Last year, when we went to sites, they were overwhelmed by the big pharmaceutical companies and also by other biotechs to a point where, when we said off the shelf, they didn’t have a true understanding of what that meant. And now they’re seeing that, Okay, autocar T is very challenging to make. There is this dependency on the oncologists and the beds that they have. And really, off the shelf may alleviate them and break the dependency, which is appreciated both ways. The oncologists also want to have time to work on their own patients.

So we’re really seeing an uptake in discussions with sites to activation, which will lead to more enrollment of patients, And a EU LAR will update on those trajectories as well. So you’re

Dana Graybosch, Analyst, Limerick Partners: going to have the three case studies and an update, really, on the trajectory of your enrollment.

Bob Vallemer, CEO, FATE Therapeutics: Yes. Setting the stage for end of the year update on what’s going on with those three patients, but also in all the other patients that are treated.

Dana Graybosch, Analyst, Limerick Partners: And so end of the year, sort of ACR ASH, how many patients might we expect then?

Bob Vallemer, CEO, FATE Therapeutics: So what we’re hoping is, be able to treat something close to an additional 10 to 15 patients. So probably something closer to fifteen, twelve to 18 patients by end of the year.

Dana Graybosch, Analyst, Limerick Partners: With significant follow-up?

Bob Vallemer, CEO, FATE Therapeutics: With, some of them may not be six months. But I think at that point, because we want to talk about our path to pivotal, we’ll probably give updates that are shorter than six months, three months, and maybe even one month, because now is a collective discussion as opposed to the case studies that we will talk about at Euler.

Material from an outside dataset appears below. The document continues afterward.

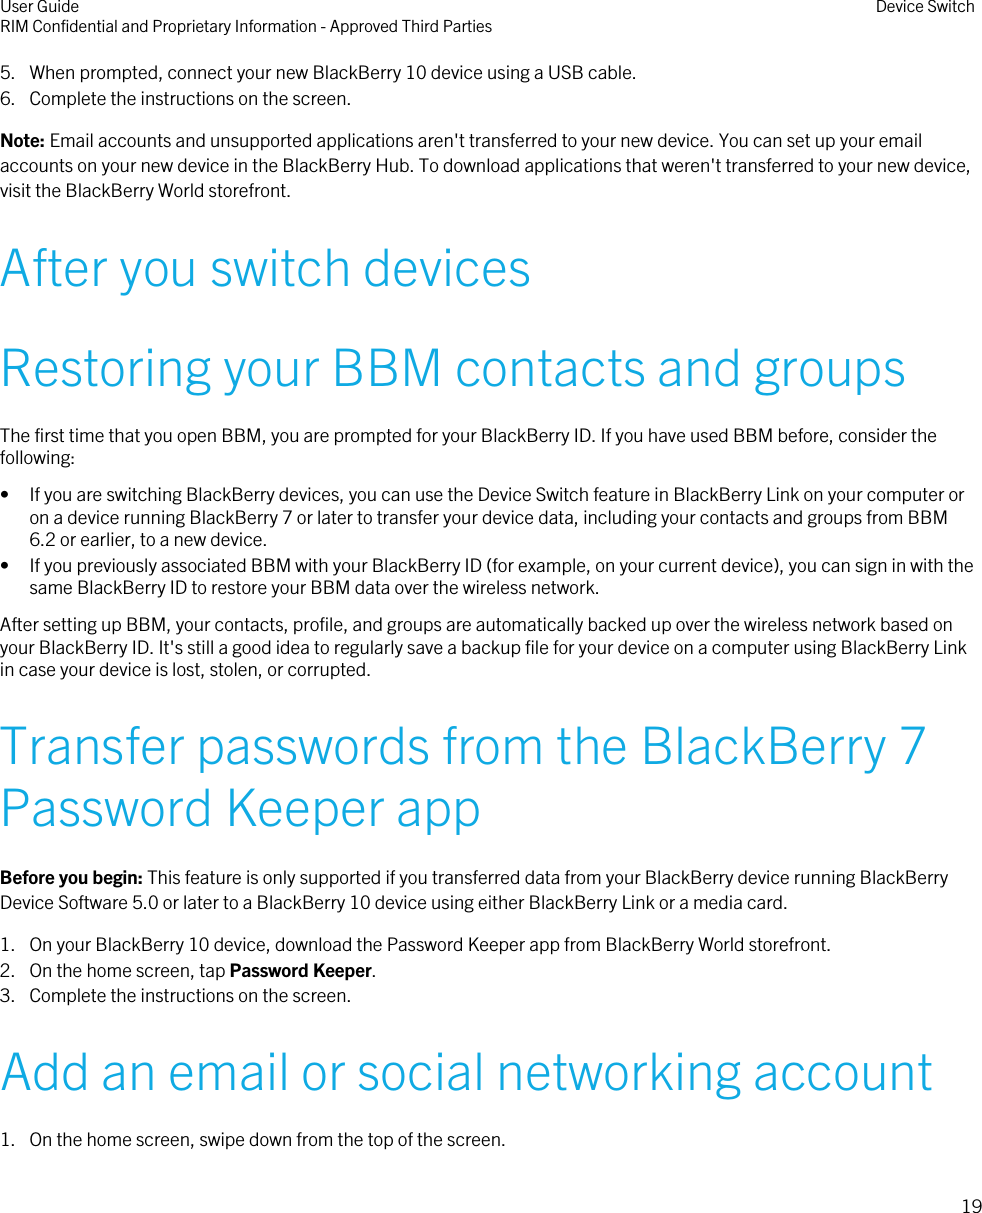 5. When prompted, connect your new BlackBerry 10 device using a USB cable.6. Complete the instructions on the screen.Note: Email accounts and unsupported applications aren&apos;t transferred to your new device. You can set up your emailaccounts on your new device in the BlackBerry Hub. To download applications that weren&apos;t transferred to your new device,visit the BlackBerry World storefront.After you switch devicesRestoring your BBM contacts and groupsThe first time that you open BBM, you are prompted for your BlackBerry ID. If you have used BBM before, consider thefollowing:• If you are switching BlackBerry devices, you can use the Device Switch feature in BlackBerry Link on your computer oron a device running BlackBerry 7 or later to transfer your device data, including your contacts and groups from BBM6.2 or earlier, to a new device.• If you previously associated BBM with your BlackBerry ID (for example, on your current device), you can sign in with thesame BlackBerry ID to restore your BBM data over the wireless network.After setting up BBM, your contacts, profile, and groups are automatically backed up over the wireless network based onyour BlackBerry ID. It&apos;s still a good idea to regularly save a backup file for your device on a computer using BlackBerry Linkin case your device is lost, stolen, or corrupted.Transfer passwords from the BlackBerry 7Password Keeper appBefore you begin: This feature is only supported if you transferred data from your BlackBerry device running BlackBerryDevice Software 5.0 or later to a BlackBerry 10 device using either BlackBerry Link or a media card.1. On your BlackBerry 10 device, download the Password Keeper app from BlackBerry World storefront.2. On the home screen, tap Password Keeper.3. Complete the instructions on the screen.Add an email or social networking account1. On the home screen, swipe down from the top of the screen.User GuideRIM Confidential and Proprietary Information - Approved Third Parties Device Switch19

Dana Graybosch, Analyst, Limerick Partners: Can you help me understand why Cy only or bendamustine are working? So you have, you know, traditionally we think about, you know, use lymphodepletion with auto because you want to provide the homeostatic cytokines or room. But then also with allo, you need to protect rejection. So you have multiple reasons why you need lymphodepletion, and some alloes use really companies use really intense lymphodepletion. So why, scientifically, why is this working?

Bob Vallemer, CEO, FATE Therapeutics: I think scientifically, the effector to target ratio is very different. So in this disease setting, we are seeing that you take a great a very good B cell depleter with eight 19. And potentially, you all need to create a tuned down version of creation of space, a tuned down version of enhancement of cytokine surplus, a tuned down version of avoidance, of rejection. That the things that were required to get rid of five pounds of tumor are not required here, where the cells are speculated to be magnitudes less, the disease cells that are being targeted. So I think starting with a potent CAR T cell, it may not have the same requirements for space and cytokine as you did in a different setting where the battle is going to be more aggressive.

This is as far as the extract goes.